バカラックが稀代のメロディ・メイカーであるとともに、卓越したアレンジャーであることはいまさら語るまでもないことだが、その真髄をまだ知らない方には是非お薦めしたいアルバム。安価であり、しかもメジャーどころの名曲はほぼ網羅されている。
数々のアーティストによるトリビュート・ナンバーに触れたければ、「Sweet Melodies」や「80周年記念スペシャル」をお聴きいただくのが宜しかろうが、何枚組にもなり値もはる上に、カバーしたミュージシャンの味が色濃く出た結果、もともとの味わいが全く残らない曲も残念ながら散見される(そのミュージシャンのファンならば構うまいが)。
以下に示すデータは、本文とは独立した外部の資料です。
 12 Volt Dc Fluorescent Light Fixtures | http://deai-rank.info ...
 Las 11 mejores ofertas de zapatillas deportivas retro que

そこで、これである。バカラックの匂いがそのままに伝わる彼自身のサウンドをお聴きいただける。それは「Close to you」や「Raindrops keep fallin' on my head」といったヴォーカル・ナンバーの印象が強いナンバーでも例外ではないし、きっと「バカラック作品として」満足できる筈だ。
「喫茶店のBGM」では片付けられない、深い味わいをもったポップスは、決して60年代の流行曲に留まる事はない。LPを買いまくっていた時代からの自分の愛聴版として、一聴に損なしと断言できる。